The global Covid-19 pandemic has stopped neither hydropower companies nor nature defenders from pursuing their goals in Bosnia and Herzegovina. The latest flashpoint is the Neretva basin, where locals and NGOs are resisting construction with blockades and lawsuits.
Pippa Gallop , Southeast Europe Energy Advisor | 21 May 2020
Part of Neretva that would be flooded by Ulog hydropower plant
Bosnia and Herzegovina’s stunning river Neretva stretches from the high mountains in the Republika Srpska entity, through Konjic and Mostar in the Federation of Bosnia and Herzegovina and down to the Adriatic Sea in Croatia.
Despite its middle stretch being impacted by four large dams built in the second half of the 20th Century, the lowest part of the river, its tributaries and its upper sections are still extremely rich habitats, with no fewer than 17 species of fish that are either listed by the IUCN in a threatened category, or protected under the Bern Convention or European Habitats Directive.
The Neretva basin is also home to the endangered white-clawed crayfish as well as numerous other species, including otters, bears and wolves, and the upper Neretva is a candidate Emerald Site under the Bern Convention – a potential future Natura 2000 area.
Despite this, dozens more hydropower plants are planned in the Neretva basin. Among the more immediate plans are:
- Seven plants planned by Marvel d.o.o. on the upper Neretva in Republika Srpska
- The Ulog plant planned by EFT and built by China’s Sinohydro just downstream from these, also in Republika Srpska, near the boundary with the Federation
- No fewer than 15 small hydropower plants planned by Elektroprivreda Bosne i Hercegovine on the Neretvica tributary system that joins the Neretva at the Jablanica reservoir below Konjic
- Delaso d.o.o’s Hotovlje plant currently under construction on the Vrhovinska river, a tributary of the Neretva in Republika Srpska.

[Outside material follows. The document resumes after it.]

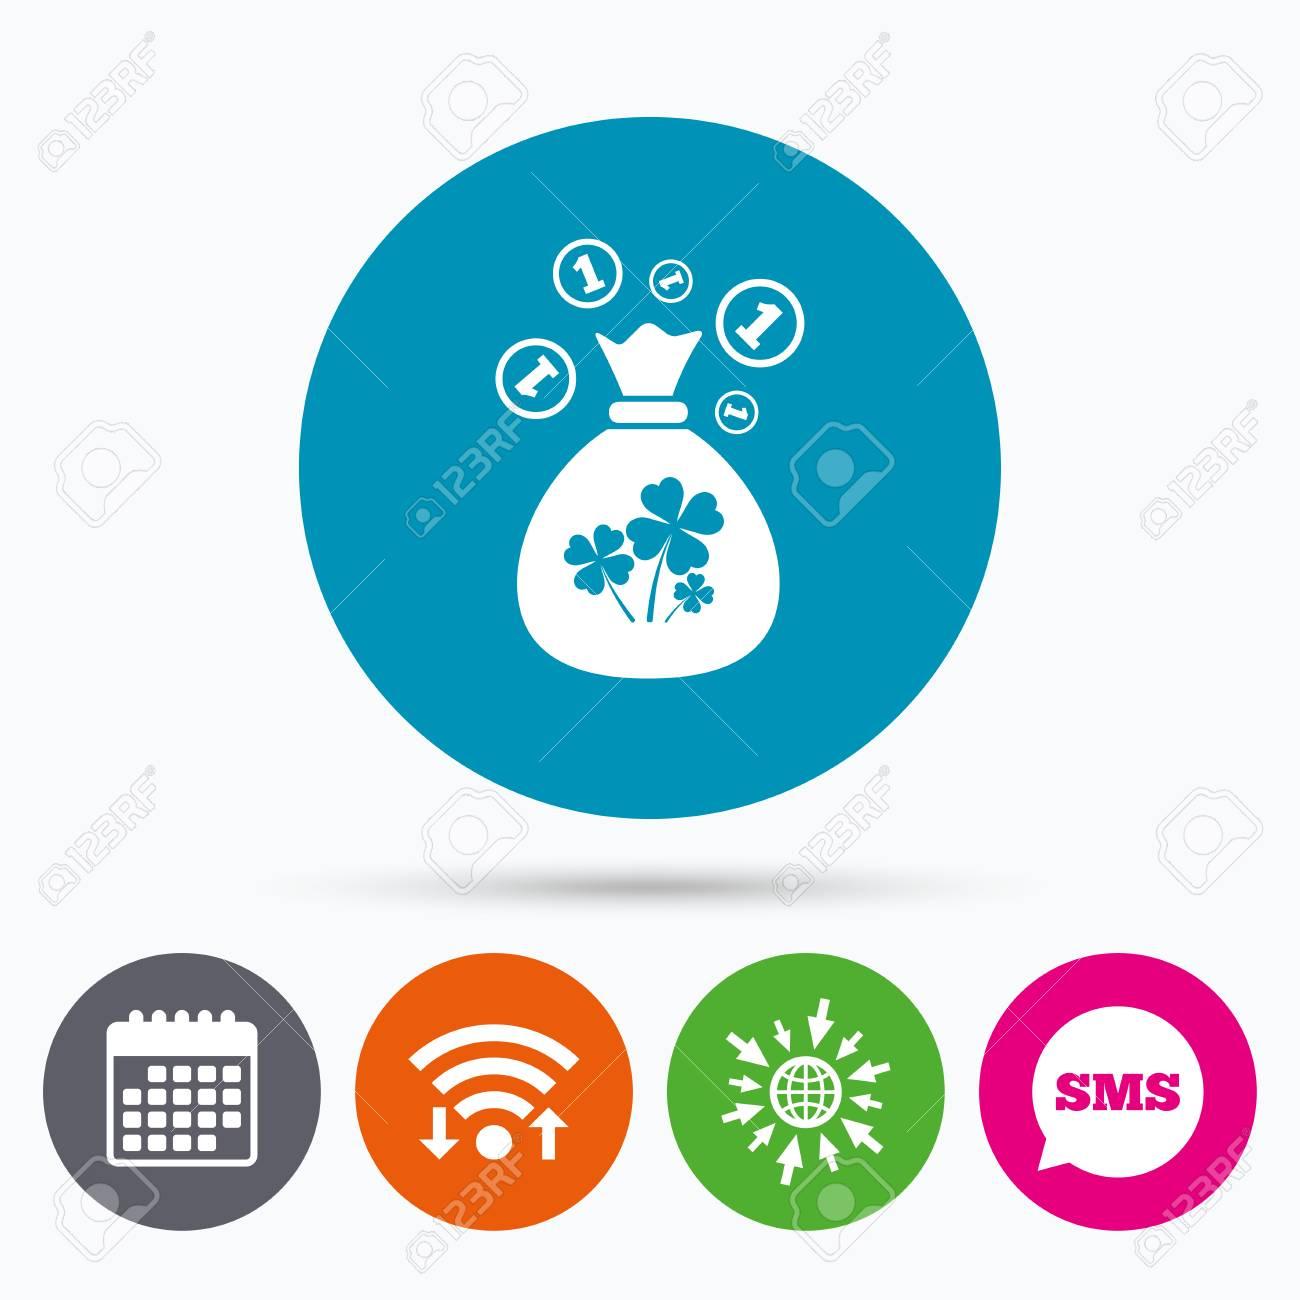 Dinero E La San Globo De Con A Iconos Icono WifiSms MuestraSímbolo Web CalendarioBolsa Y PatricioIr Tréboles Monedas XiPOkTZu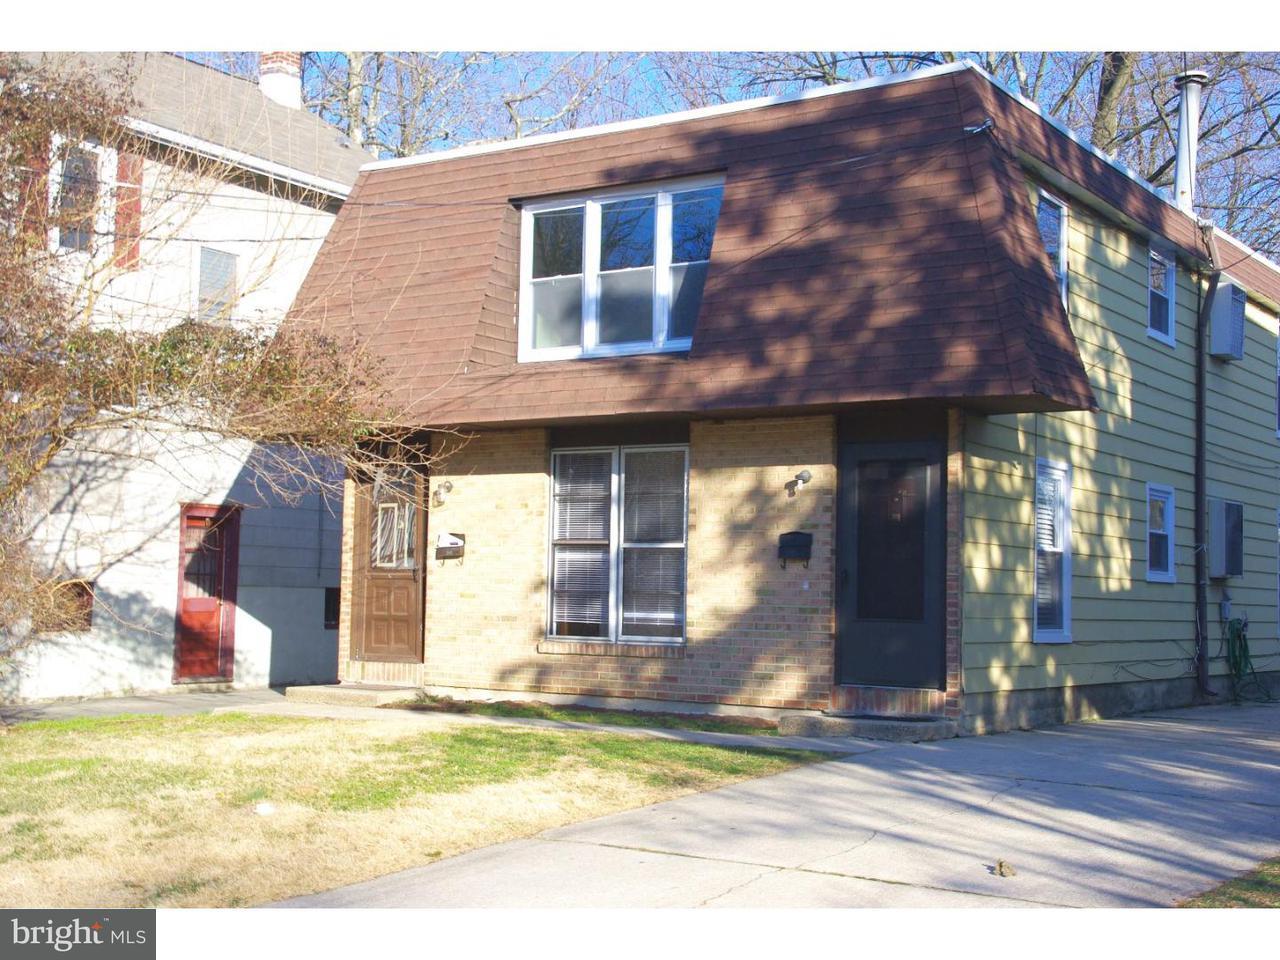 Casa unifamiliar adosada (Townhouse) por un Alquiler en 12 W WAYNE TER Collingswood, Nueva Jersey 08108 Estados Unidos

The upper Neretva. Photo credits: Amel Emric, Robert Oroz and Eko Akcija
All of these except Ulog are under 10 MW and thus stand to benefit from generous feed-in tariffs that guarantee the buy-off of their electricity at a higher-than-market price. But while their capacity may be small, their impact will not. One of the upper Neretva dams, Uloški Buk, is expected to be more than 40 m tall, and the cascades of dams will turn tens of kilometres of rivers into successions of dams and pipelines.
The European Bank for Reconstruction and Development rightly declined to finance both the Ulog and Neretvica projects, leaving the financing for all the projects above shrouded in mystery.
For Ulog, the Republika Srpska Concession Commission reported that talks with the Industrial and Commercial Bank of China (ICBC) were ongoing in 2017 and then the China Development Bank in 2018, but it is unclear whether any final decisions have been taken. For the other projects, no financiers have been mentioned publicly.
This has not stopped the projects moving ahead however. Just this week, the diggers turned up to start work on two of the Neretvica plants, Gorovnik Ušće and Srijanski Most, and were stopped by local people.
Resistance against the Neretvica plants has blown up this year after local people heard about plans to start construction. The projects’ environmental permits, issued back in 2011, had been quietly renewed by the Ministry of Environment and Tourism without notifying any local organisations or residents. The concept of “renewing” environmental permits does not exist in the Federation’s legislation, so the assessment process should have been started again from the beginning, but was not.
Legal corners have also been cut in Republika Srpska, where the relevant Ministry decided, in March and April respectively, to exempt Marvel d.o.o and Delaso d.o.o. from needing to carry out environmental impact assessments for some of the upper Neretva plants and the Hotovlje plant, despite the fragility of the upper Neretva’s ecosystems and the undoubted cumulative impact of the planned plants. The Centre for Environment has submitted court cases against both of these decisions not to require EIAs.
The particularly surreal part about the Hotovlje plant is that it has been under construction since at least last summer, so it is unclear why a decision was taken only now. The mystery is unlikely to be resolved any time soon as the Republika Srpska environmental inspectorate cited Covid-19 as a reason not to be able to carry out a site visit.
The hydropower companies continue to build, the nature defenders continue to resist. But if the Neretva basin’s stunning diversity and beauty is to be saved, the Ministries responsible for the environment in Bosnia and Herzegovina are going to have to do their part too.